[DATA PROVIDED]
- Opening Delimiter -
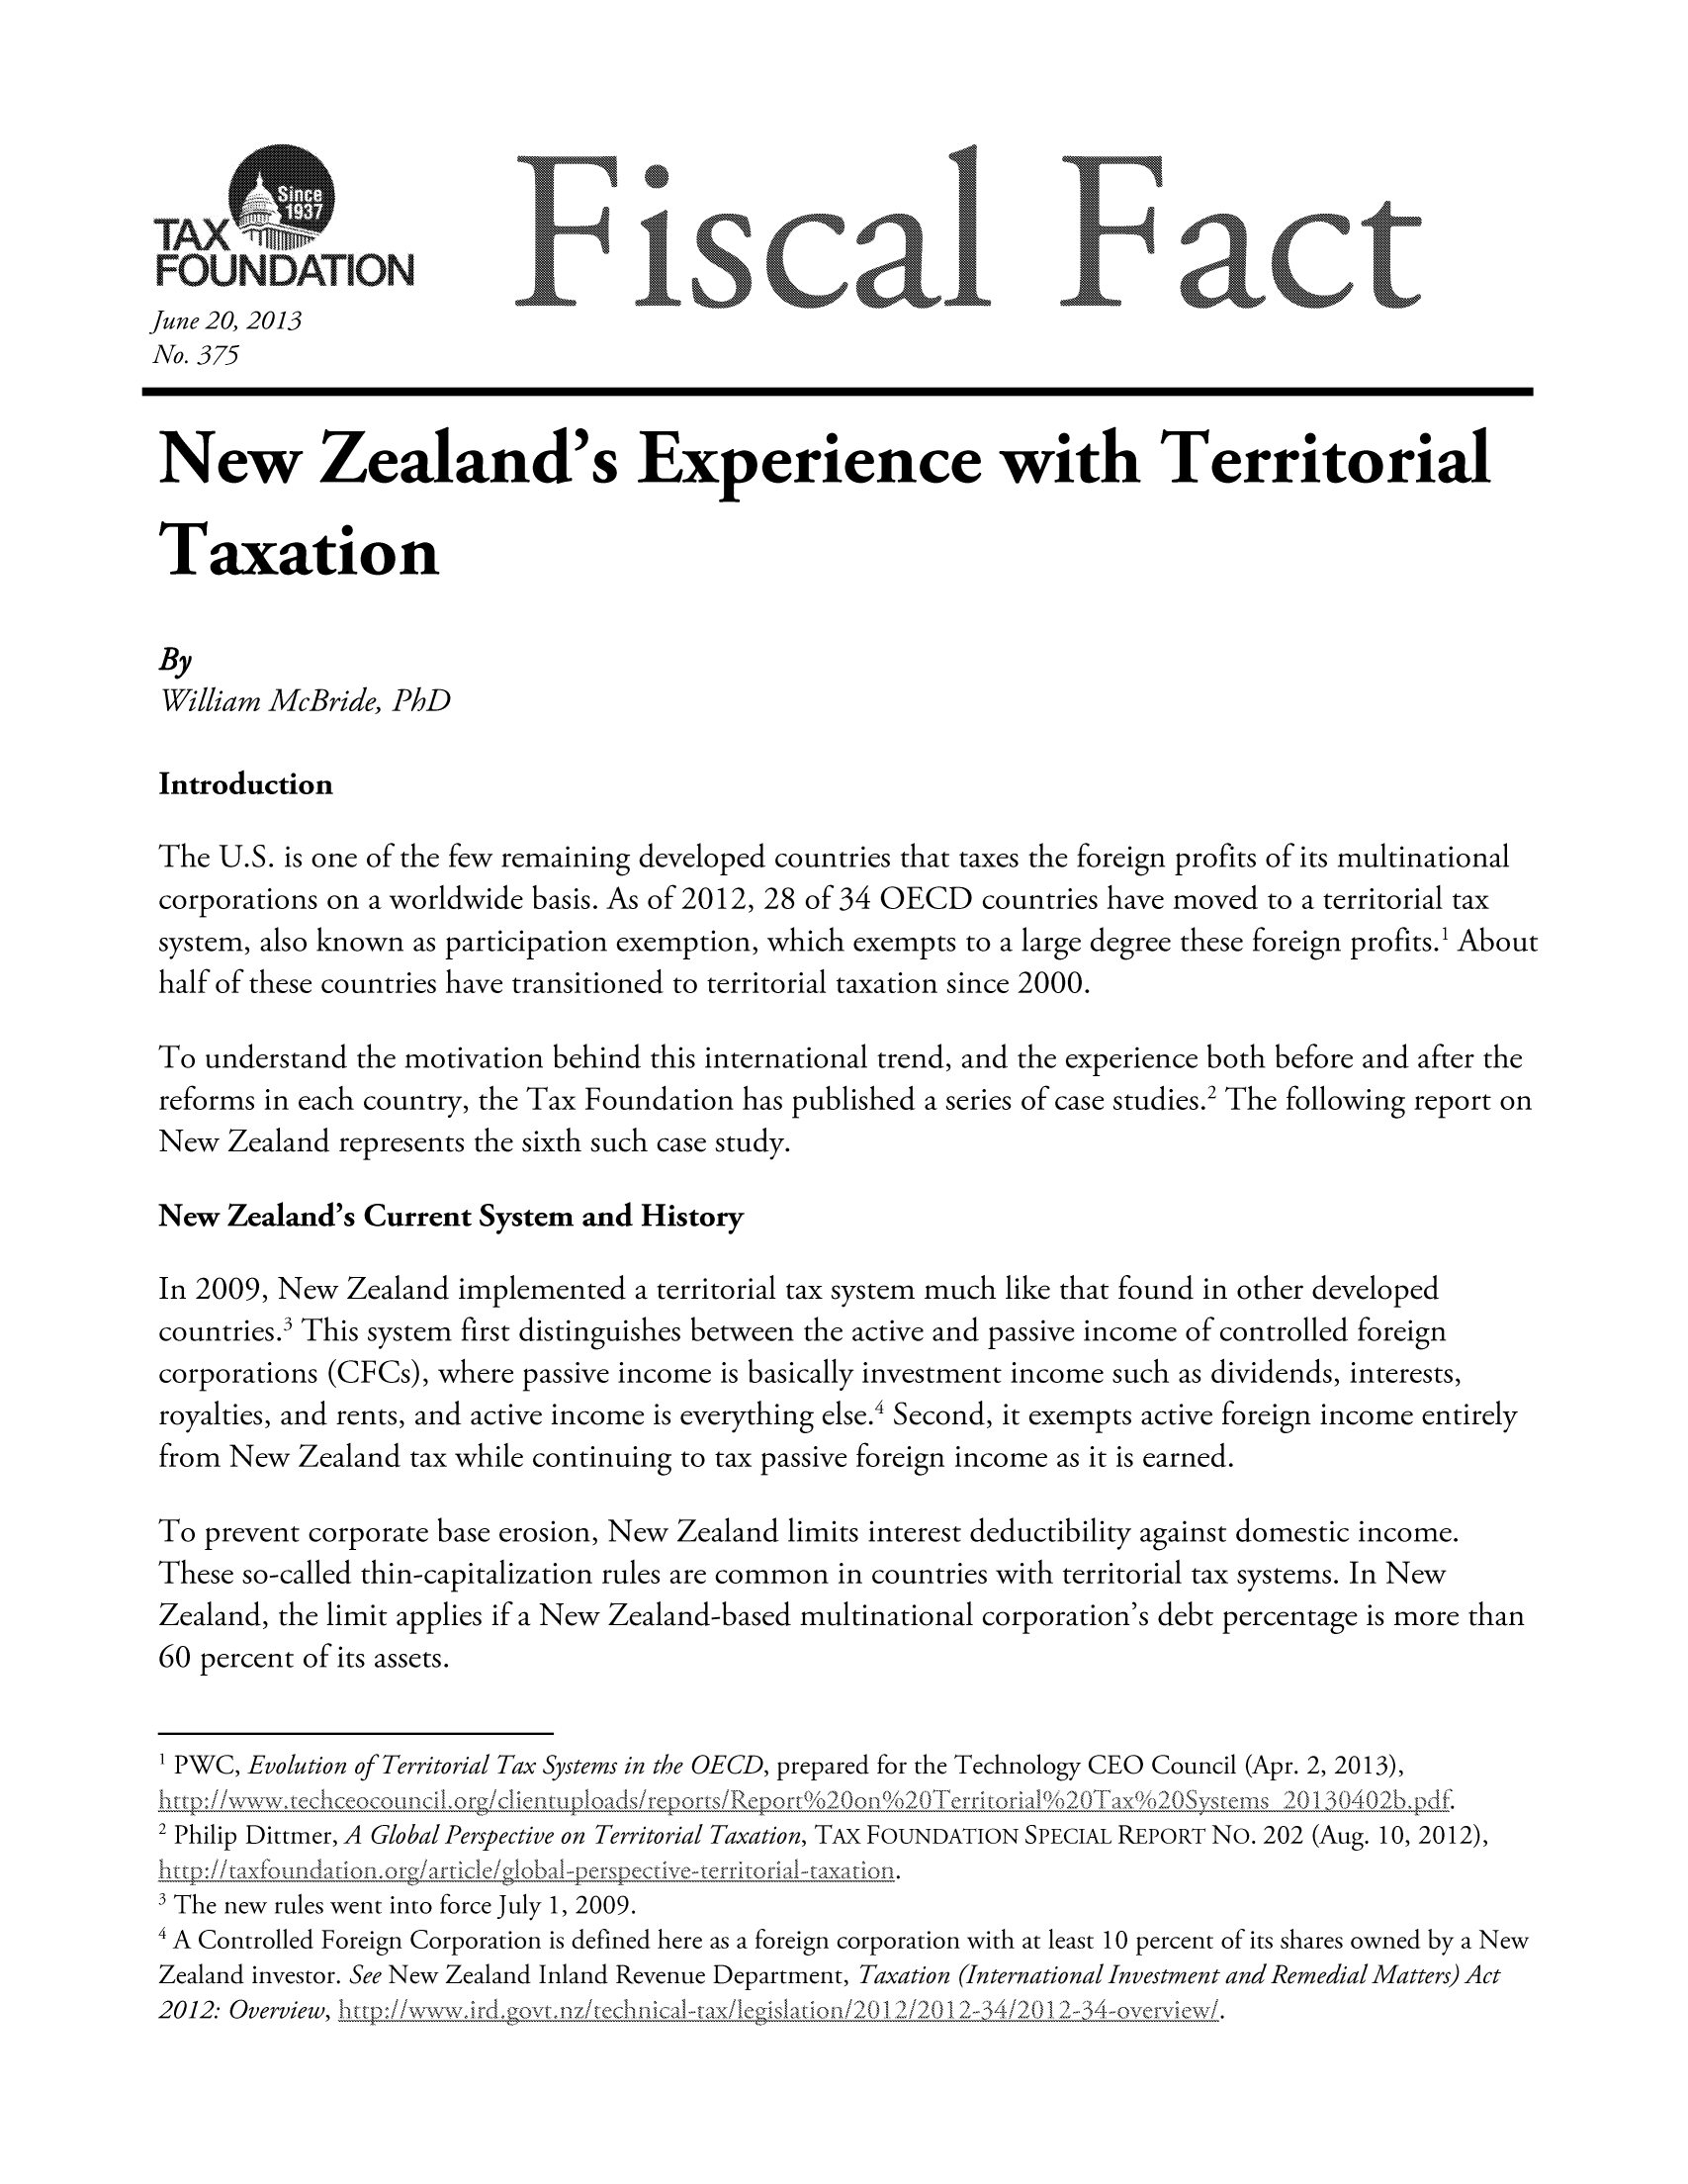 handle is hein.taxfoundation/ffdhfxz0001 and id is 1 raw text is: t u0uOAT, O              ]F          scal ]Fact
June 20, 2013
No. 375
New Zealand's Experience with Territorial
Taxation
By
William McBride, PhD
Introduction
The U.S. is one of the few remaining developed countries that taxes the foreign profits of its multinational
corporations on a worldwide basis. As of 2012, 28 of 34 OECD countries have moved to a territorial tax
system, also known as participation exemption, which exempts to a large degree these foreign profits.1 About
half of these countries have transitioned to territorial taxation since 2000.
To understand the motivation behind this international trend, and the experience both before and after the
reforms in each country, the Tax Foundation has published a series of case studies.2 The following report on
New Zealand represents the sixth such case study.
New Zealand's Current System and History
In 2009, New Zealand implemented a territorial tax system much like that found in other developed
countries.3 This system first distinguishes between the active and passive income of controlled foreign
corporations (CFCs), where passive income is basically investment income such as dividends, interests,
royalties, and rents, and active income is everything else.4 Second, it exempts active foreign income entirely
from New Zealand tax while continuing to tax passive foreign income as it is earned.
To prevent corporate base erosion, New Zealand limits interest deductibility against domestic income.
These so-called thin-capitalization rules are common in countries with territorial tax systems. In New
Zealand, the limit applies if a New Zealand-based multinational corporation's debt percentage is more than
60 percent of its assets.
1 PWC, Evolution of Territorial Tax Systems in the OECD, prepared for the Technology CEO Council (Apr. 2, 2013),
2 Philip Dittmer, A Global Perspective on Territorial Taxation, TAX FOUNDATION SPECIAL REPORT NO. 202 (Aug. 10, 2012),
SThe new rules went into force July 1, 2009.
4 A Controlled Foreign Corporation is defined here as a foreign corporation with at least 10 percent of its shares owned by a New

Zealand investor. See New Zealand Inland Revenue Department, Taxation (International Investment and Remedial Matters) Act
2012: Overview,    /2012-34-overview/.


- Closing Delimiter -
- Opening Delimiter -
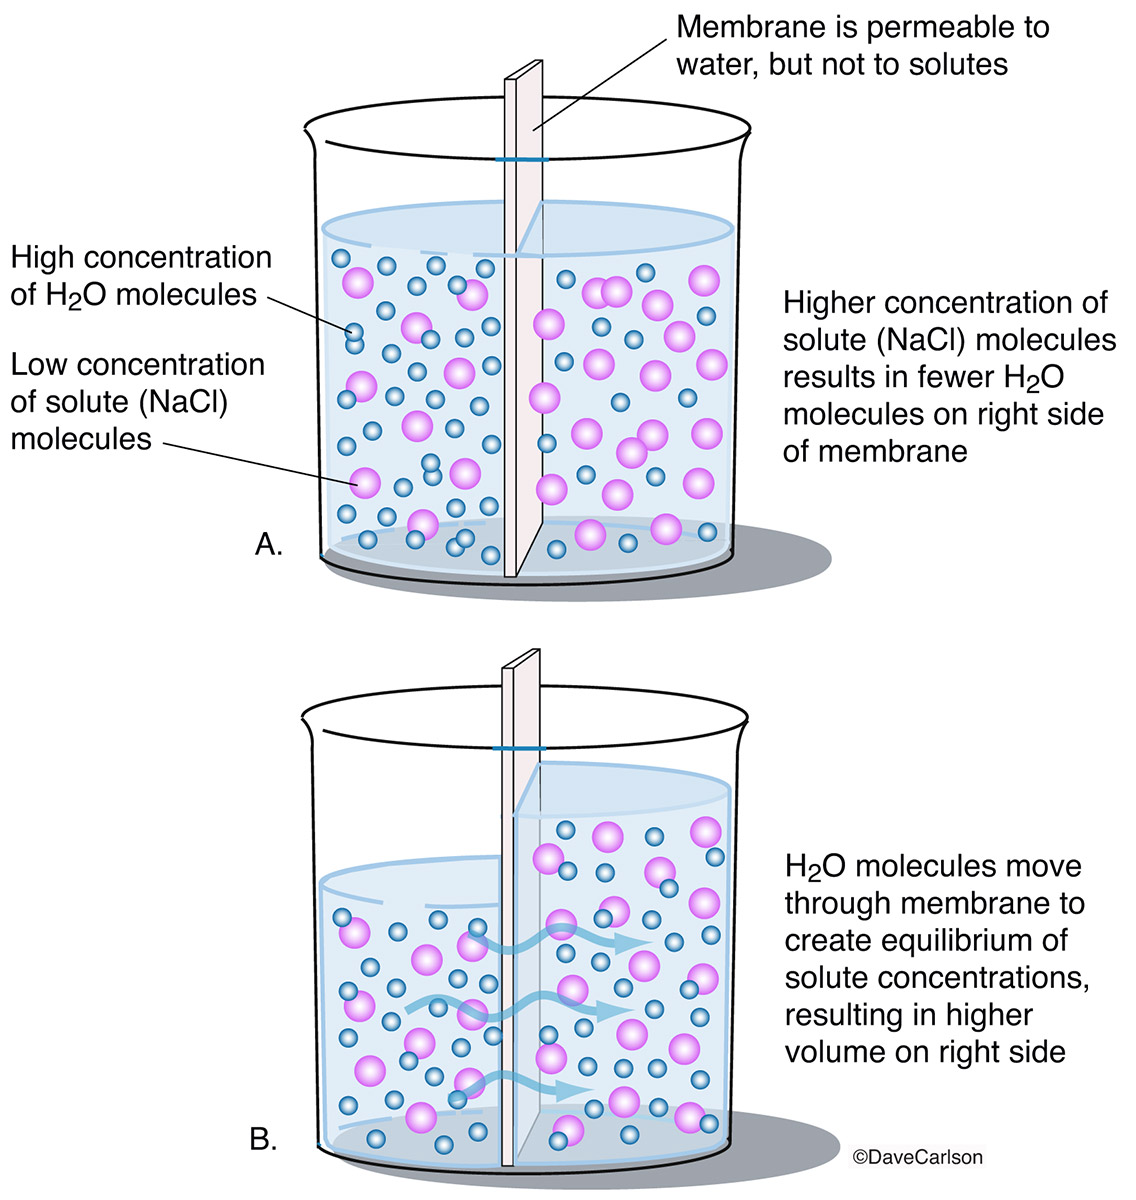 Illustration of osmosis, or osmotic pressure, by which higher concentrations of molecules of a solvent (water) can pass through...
- Closing Delimiter -
Report, for the data above, every line in which the string "with" appears.

New Zealand's Experience with Territorial
These so-called thin-capitalization rules are common in countries with territorial tax systems. In New
4 A Controlled Foreign Corporation is defined here as a foreign corporation with at least 10 percent of its shares owned by a New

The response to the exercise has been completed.